Credit card pre-authorization means that when ordering a certain product or service, the merchant temporarily freezes a certain amount before the customer uses the credit card to pay, so as to confirm whether the customer has sufficient credit limit. Pre-authorization is typically done for large transactions, high-risk transactions, or transactions that require a deposit. When a customer completes a transaction using a credit card, the merchant will request the bank to deduct the corresponding amount.

Credit card pre-authorization has certain advantages and disadvantages. The advantage is that pre-authorization can help merchants confirm the customer's payment ability and avoid risky or fraudulent transactions. Additionally, pre-authorization saves merchants time and effort by eliminating the need to wait for a transaction to be processed before confirming payment. However, the disadvantage is that pre-authorization may cause additional trouble and consumption restrictions to customers. The customer's credit limit is temporarily frozen, affecting the customer's other credit card use.

How to avoid credit card pre-authorization issues?
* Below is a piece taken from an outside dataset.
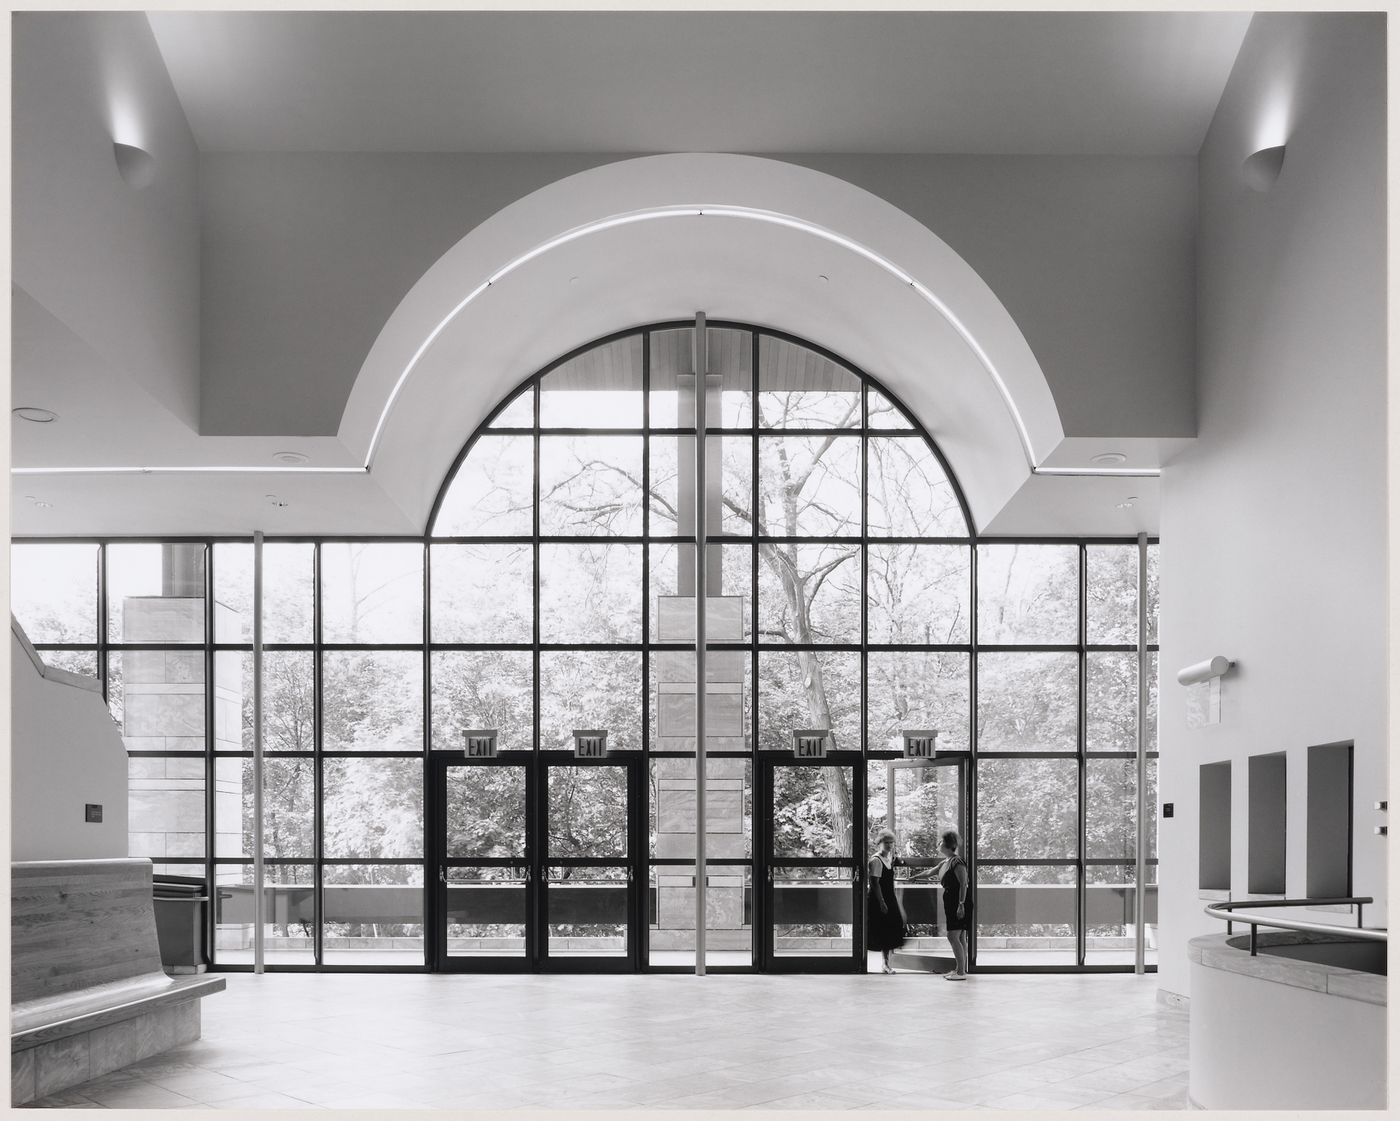 Center for Theatre Arts, Cornell University, Ithaca, New York: interior view of the main entrance
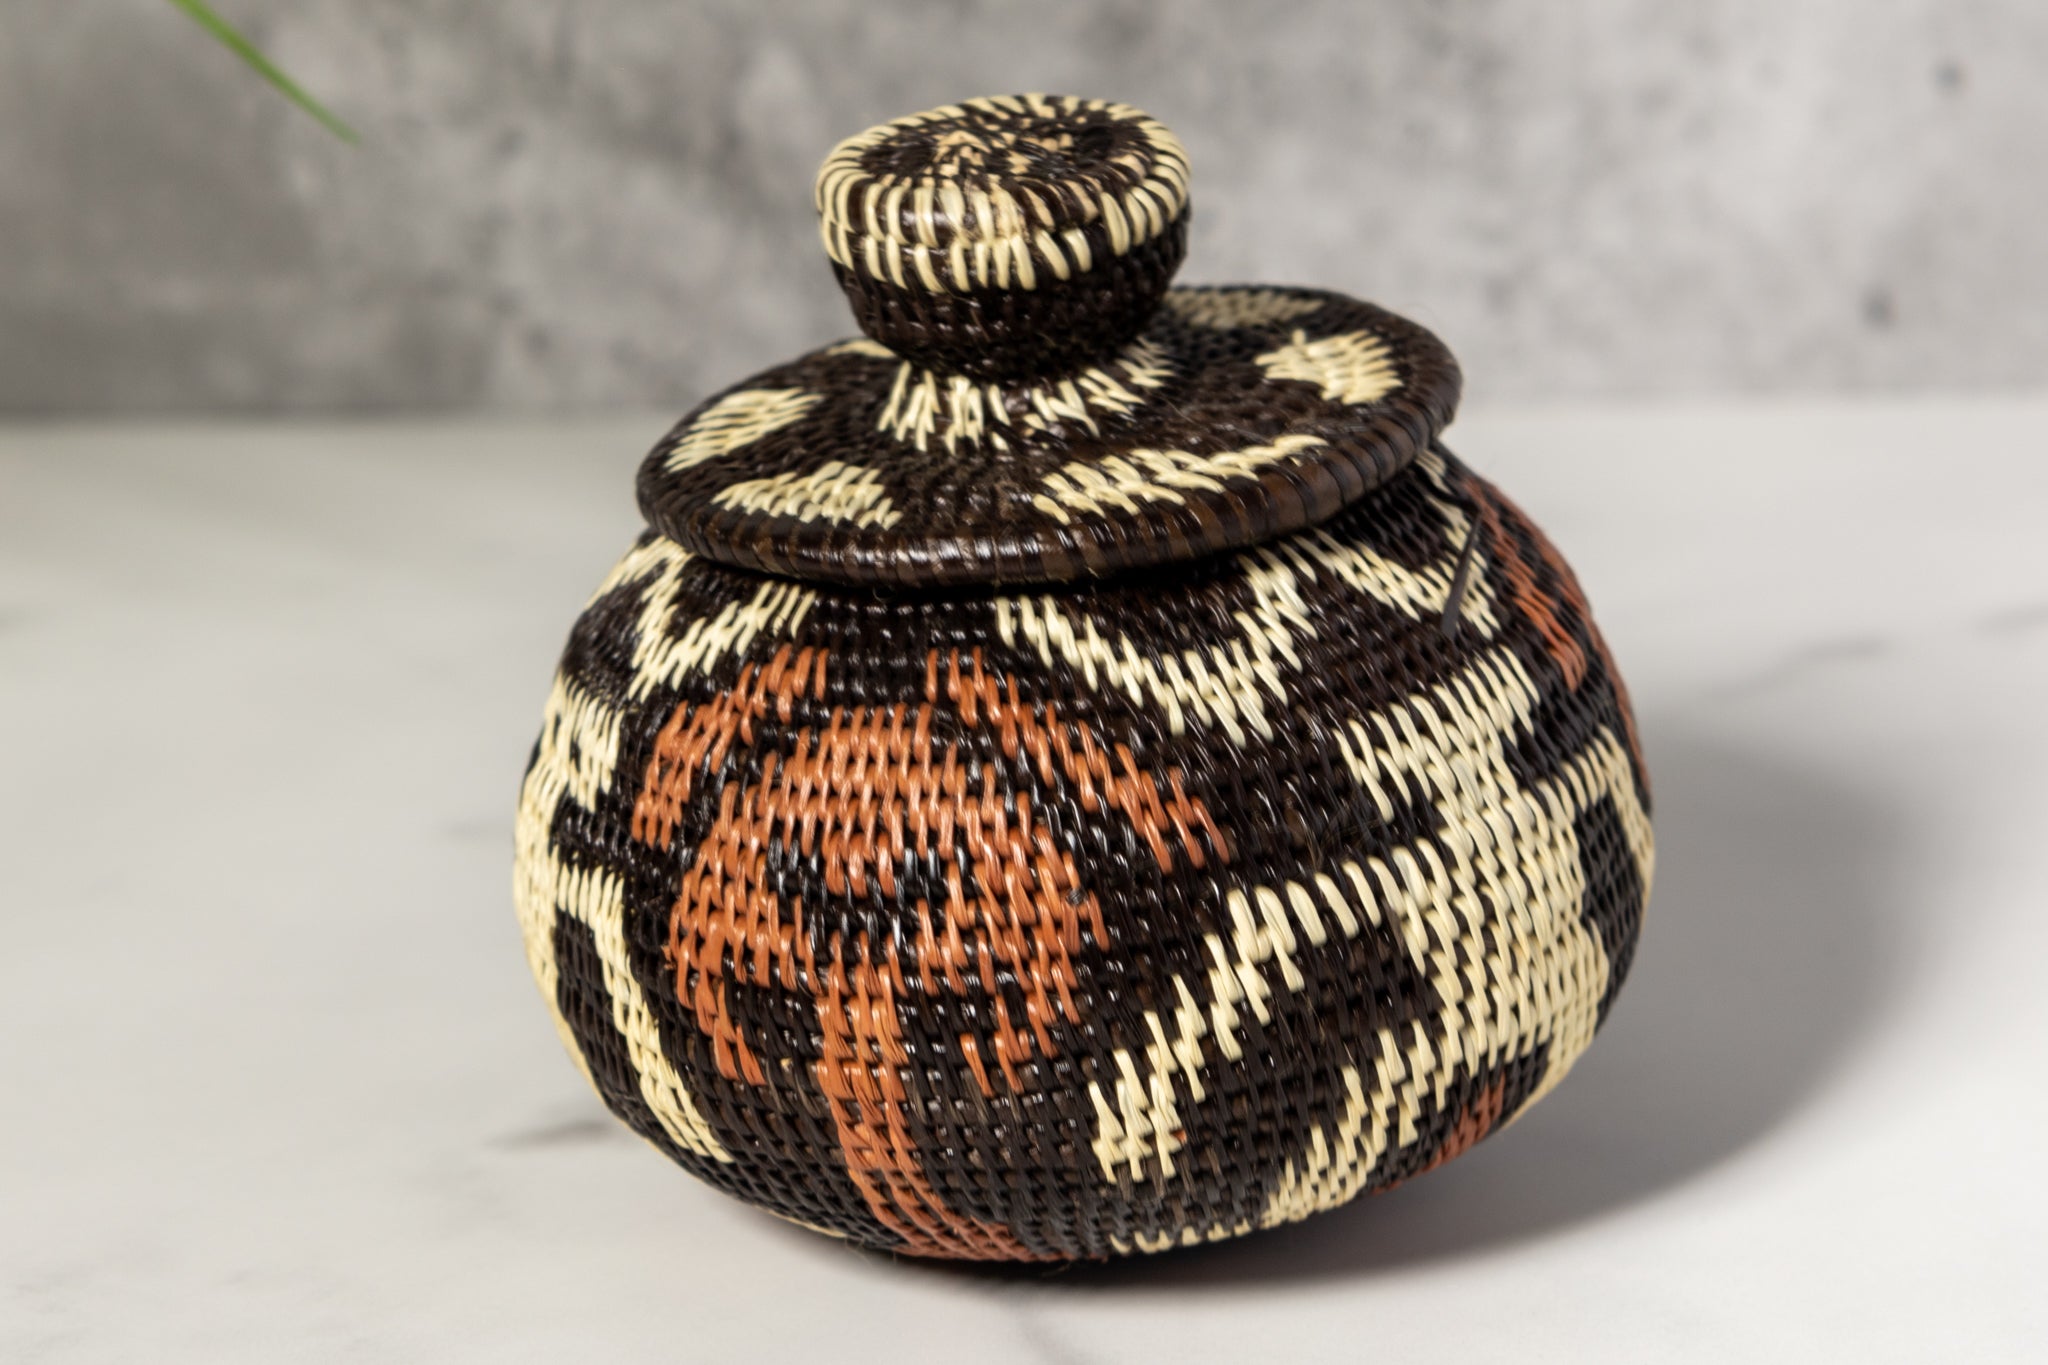 Human Cave Drawings Woven Basket With Top

To avoid problems caused by credit card pre-authorization, customers can understand the merchant's transaction policy and payment method before making a transaction to ensure that they have sufficient credit limit. In addition, customers can avoid refund issues due to payment problems by understanding the merchant's refund policy in advance. Customers are advised to do more homework before using their credit card to avoid unnecessary pre-authorized transactions. In short, credit card pre-authorization is a common transaction method, but you need to pay attention to related issues and precautions to ensure the security and smoothness of the transaction.